In gängiger Fachliteratur für Teichbau, hier speziell Koiteiche, wird als Berechnungsgrundlage das Gewicht des Besatzes mal zwei gerechnet und anhand dieser Gewichtsangaben, wird dann wiederum die benötigte Filterfläche in qm besiedelbare Filterfläche ausgewiesen. z.Bsp. 60 kg - Fisch = 180 m² Filterfläche

In anderen literarischen Werken wird jedoch von Literangaben der benötigten Filter im Verhältnis zum Teichvolumen gesprochen, die im Schnitt etwa 10 % ausmachen sollten.

Nun stellt sich für mich die Frage, welche Berechnungsgrundlage kann ich hier zuverlässig annehmen, denn....

wenn ich 4000 l Filterkammern bei 40.000 l Teich habe und nur eine besiedelbare Filterfläche von z.Bsp. 180 m² brauche, weil ich eigentlich nicht mehr Besatz habe, ist doch der benötigte Platz um vieles größer
bzw. 
brauche ich doch für eine größere Besiedlungsfläche von z.Bsp. 180m² bei entsprechender Materialwahl nur etwa 1300 l Filterwasservolumen, was mich die reine Filteranlage (ohne SiFi oder Beruhigungskammer) kleiner gestalten lässt und weniger Platz benötigt. 

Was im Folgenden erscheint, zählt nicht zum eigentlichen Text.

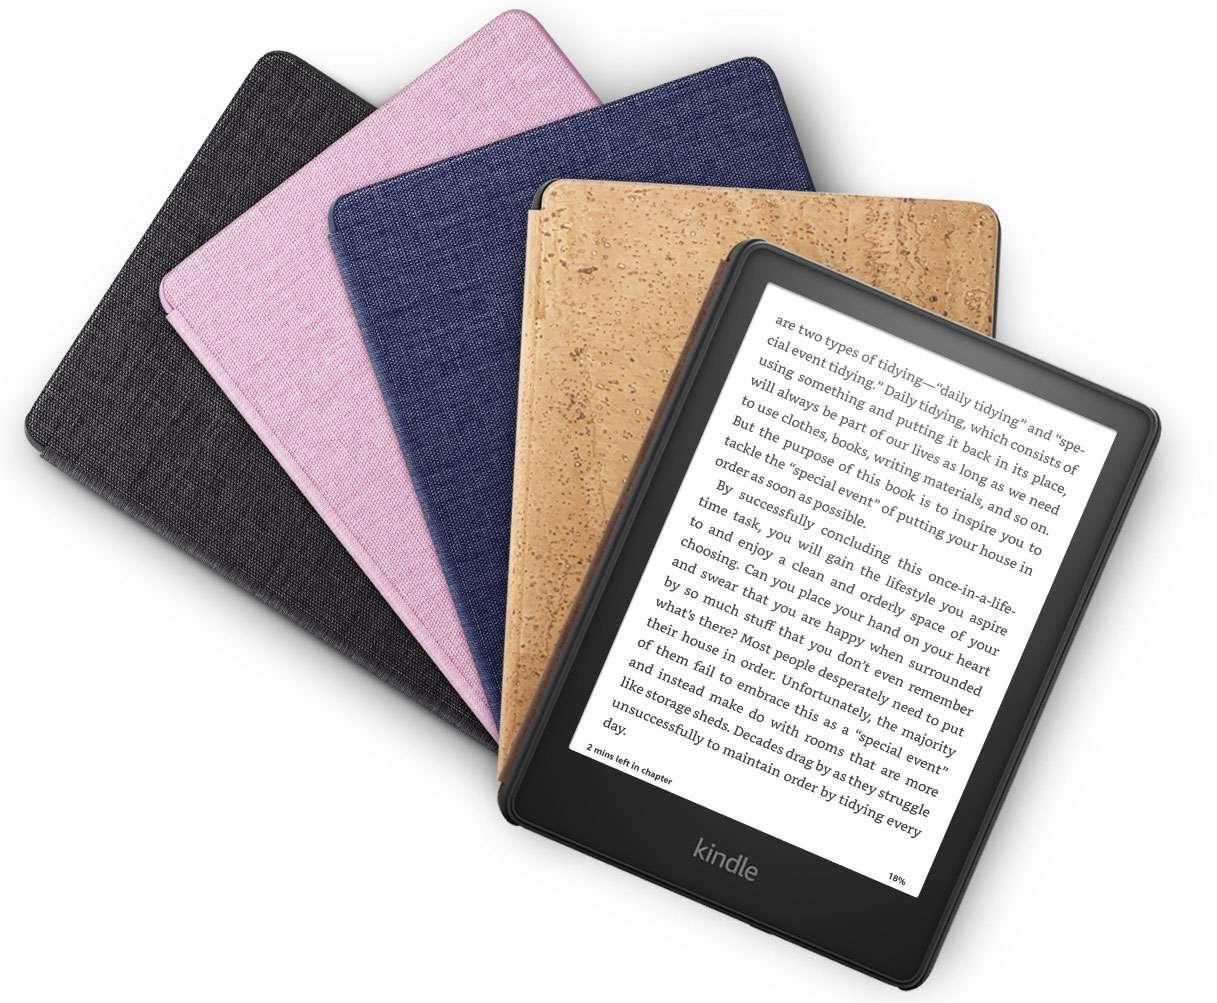 Kindle Paperwhite assortment

So komme ich, bei 4000 l Filtervolumen und die Fläche zu 75 % nur nutzen würde, schon auf fast 1500m² Besiedlungsfläche, die ich ja eigentlich nicht brauche, oder !?

Ist hier dann weniger mehr oder mehr - mehr wert!?

Ich steige da nicht wirklich durch und es würde mich freuen, wenn ihr eure Erfahrungen dazu bitte mitteilen könntet. Ist es denn evtl. clever dann mehr Besiedlungsfläche zu haben als tatsächlich Bedarf besteht oder bringt das gar nichts, weil die Bakki's ja wiederum nichts zu arbeiten haben und in ihrer Effizienz eingeschränkt werden. Wieviel mehr, macht dann Sinn? Auch ein nachgeschalteter Pflanzenfilter als durchströmte Regenerationszone mit Ablauf in den Teich hat doch eine gewisse Reinigungs- / Filterwirkung und so eine separate Pflanzenzone hat doch fast jeder bei sich eingebaut. Schon der Optik wegen, oder!? 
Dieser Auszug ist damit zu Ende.